Problem to work on:
Among the entries below, which lines run from the line with "Polizistinnen und Polizisten" through the line with "倾斜对角线英文字体下载 Eskos Typeface插图(12)"? Retype those, both ends included, exactly and without pictures.
== Exercise data
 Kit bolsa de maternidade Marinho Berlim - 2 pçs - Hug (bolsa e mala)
====
== Exercise data
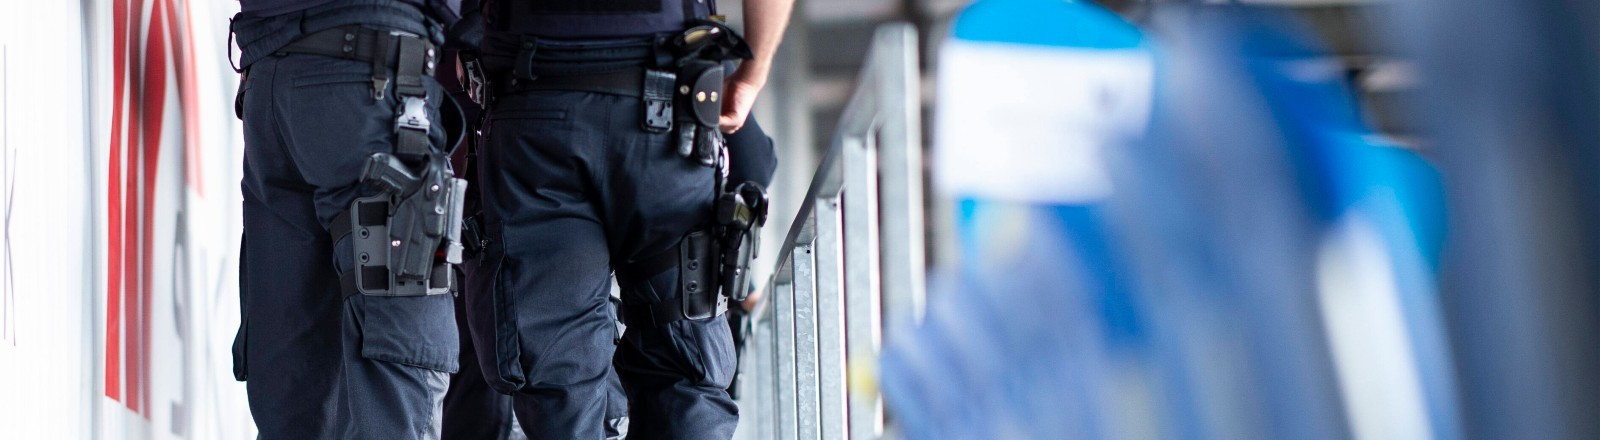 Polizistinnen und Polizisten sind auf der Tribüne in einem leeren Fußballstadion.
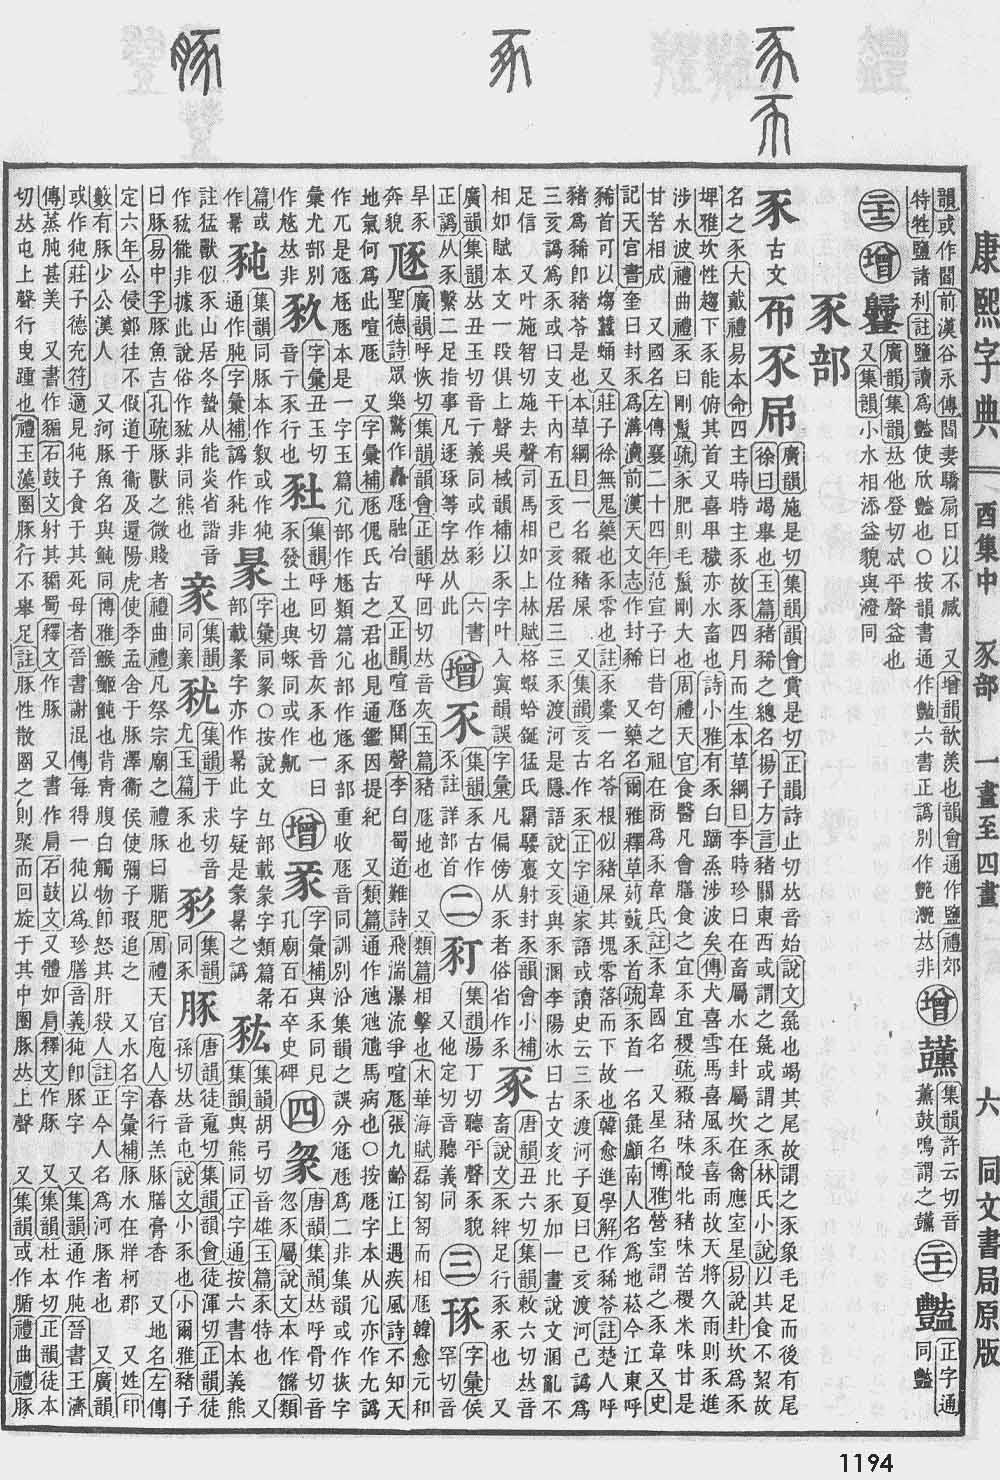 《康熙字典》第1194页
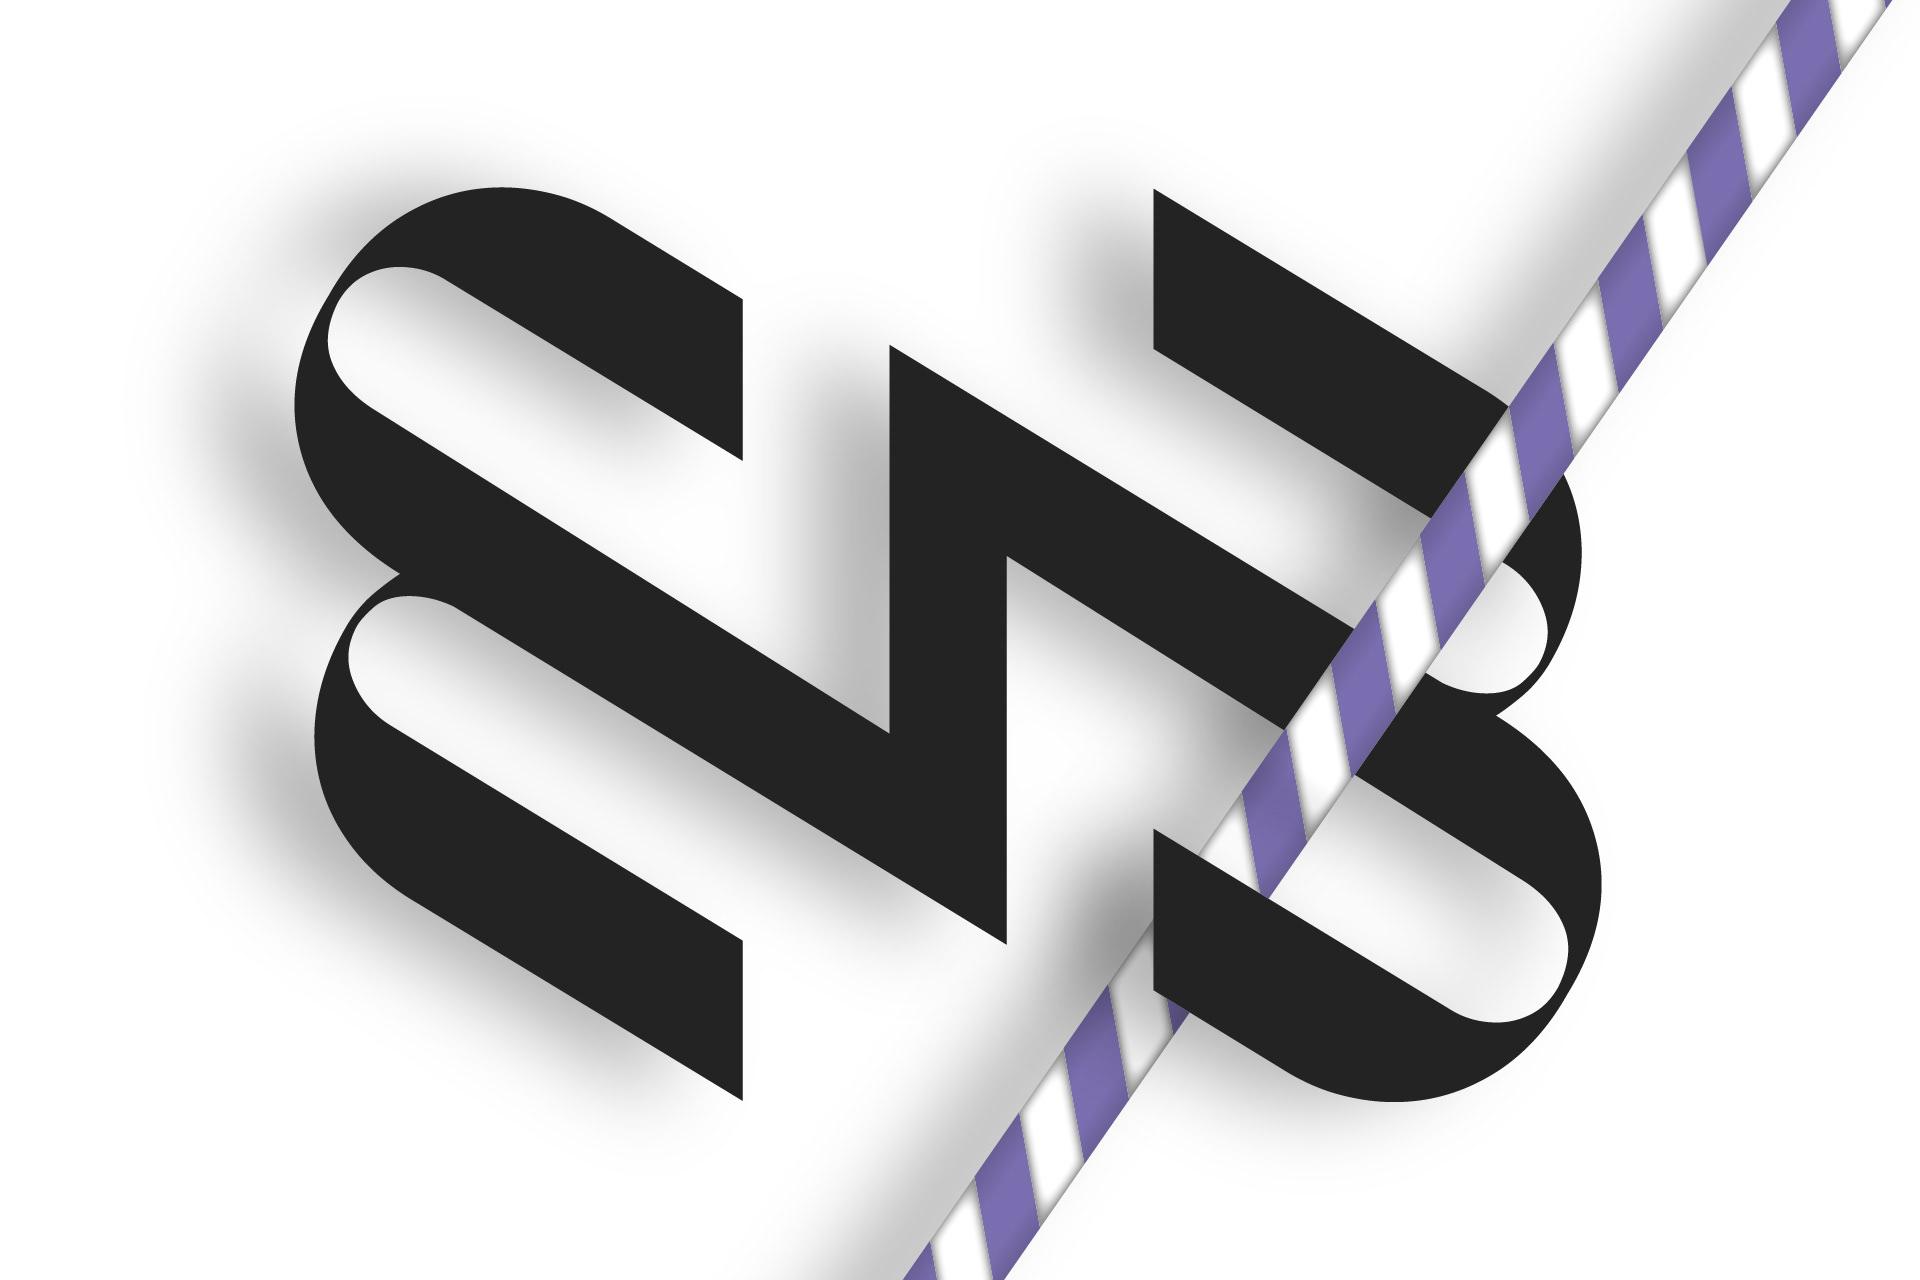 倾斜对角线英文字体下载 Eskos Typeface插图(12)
====
Response:
 Polizistinnen und Polizisten sind auf der Tribüne in einem leeren Fußballstadion.
 《康熙字典》第1194页
 倾斜对角线英文字体下载 Eskos Typeface插图(12)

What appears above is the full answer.